Background: The education and training experiences of Early Childhood Care and Education (ECCE) practitioners reflect gaps and inequalities in South Africa’s educational system. Most South African ECCE centre practitioners do not have the appropriate qualifications to provide quality education to young learners.

Aim: The study aimed to explore how the education and training experiences of ECCE practitioners impact their professional identity in urban and rural settings in KwaZulu-Natal province and to develop a model that would enhance the education and training of ECCE practitioners.

Setting: Ten participants were selected for this study: one centre head and four practitioners from a rural setting, and one centre head and four practitioners from an urban area.

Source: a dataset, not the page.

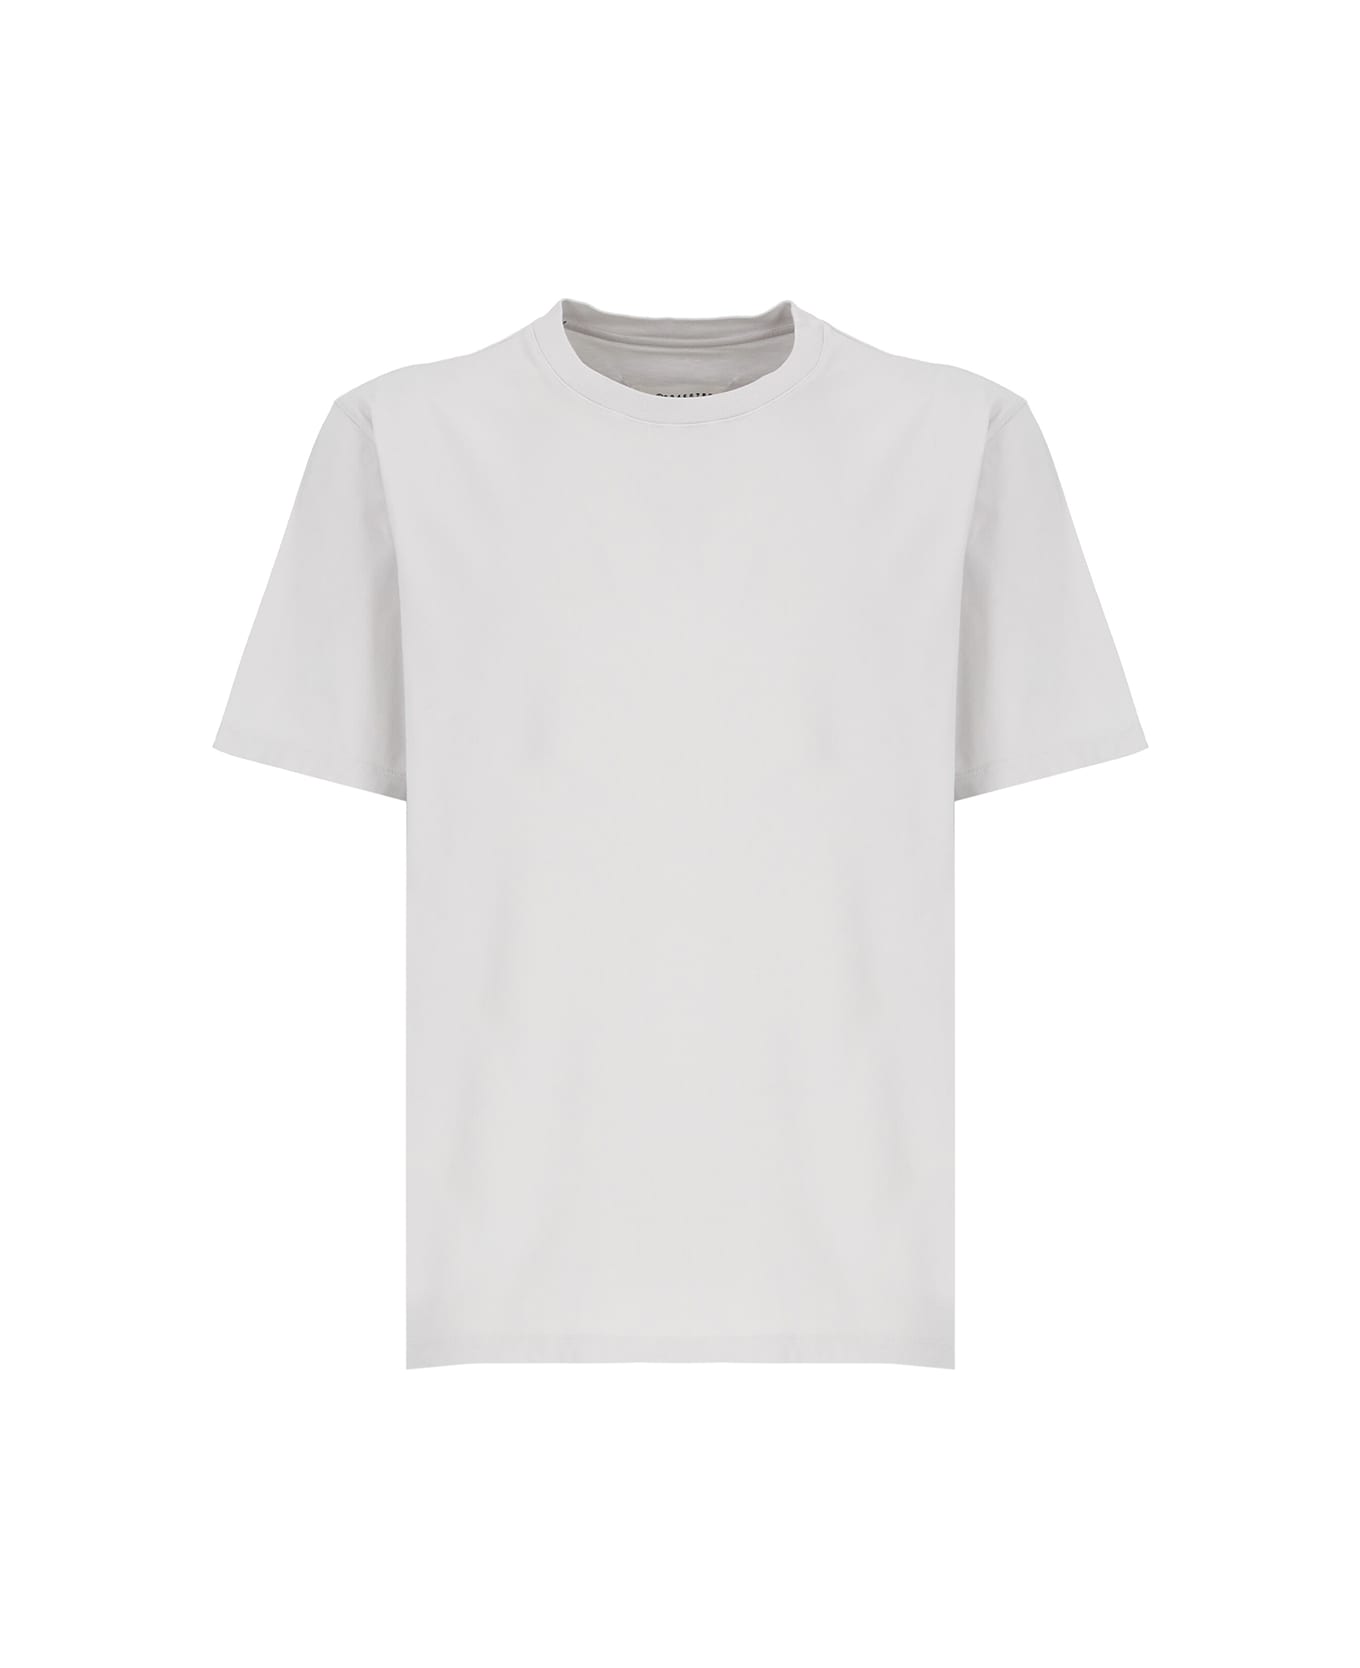 Maison Margiela Short-sleeved Crewneck T-shirt - Grey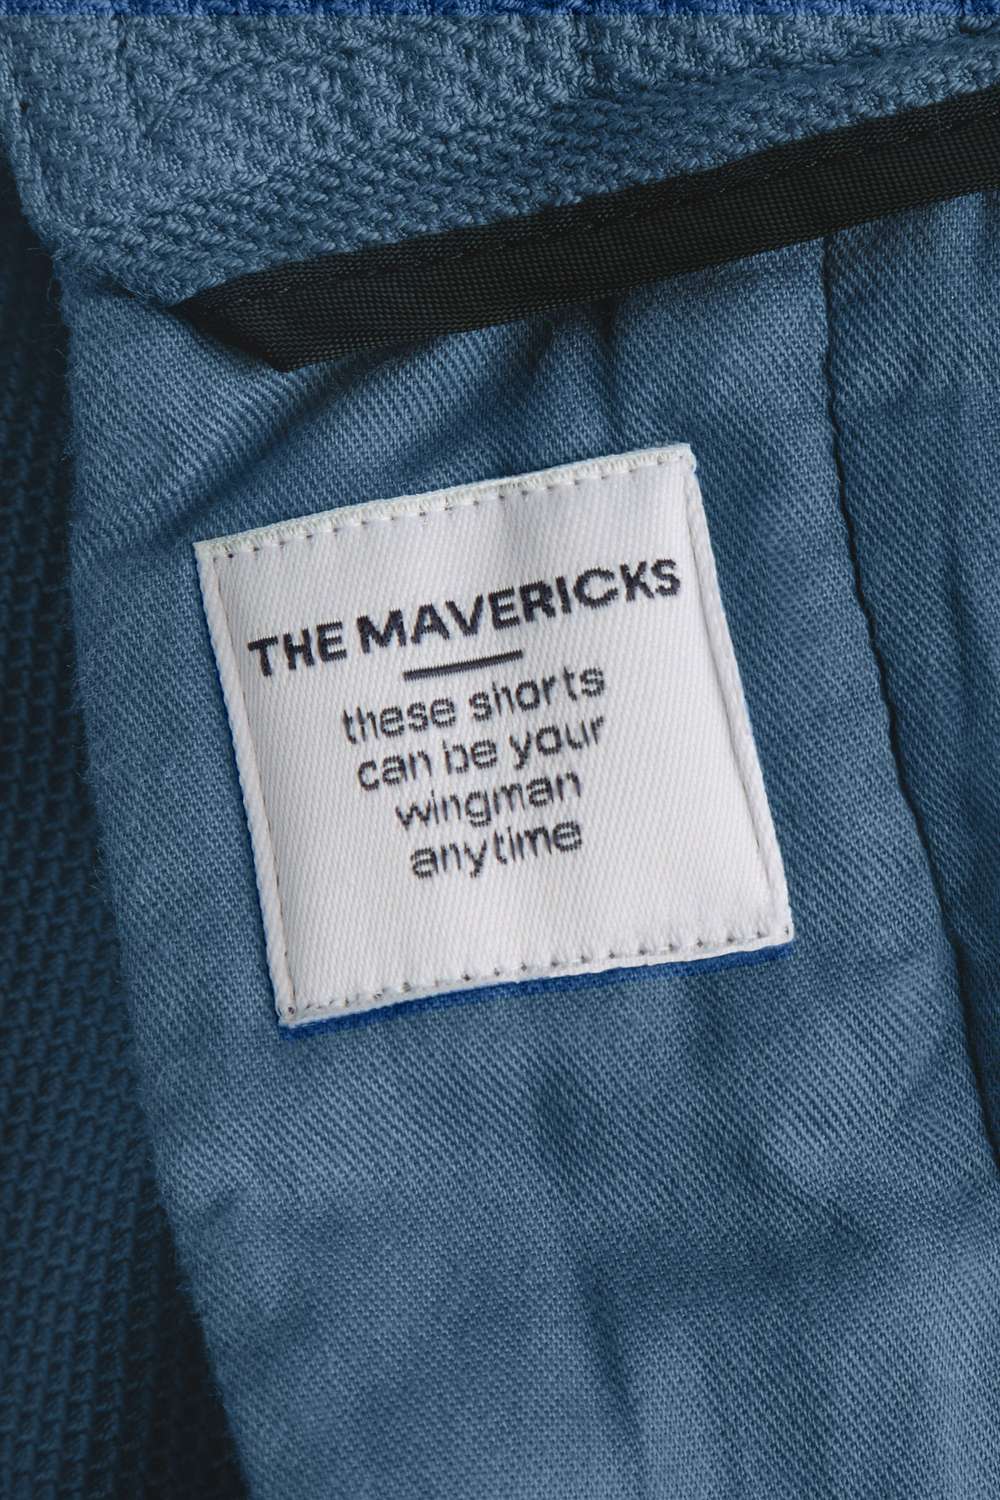 Mavericks * The Piqués

Methods: Wenger’s social theory of learning was used to obtain an in-depth understanding of ECCE practitioners’ education and training experiences and how they function as professional workers. An interpretative, qualitative case study was adopted. Data was collected through focus group semi-structured interviews and non-participants’ observation and then analysed thematically.

Results: The findings revealed that practitioners in rural settings had to contend with unfair working conditions daily, working all day in challenging circumstances whilst earning low incomes. Urban practitioners worked reasonable hours and received living wages, although they also experienced challenges such as a lack of parental involvement, lack of transport for children and high rates of absenteeism.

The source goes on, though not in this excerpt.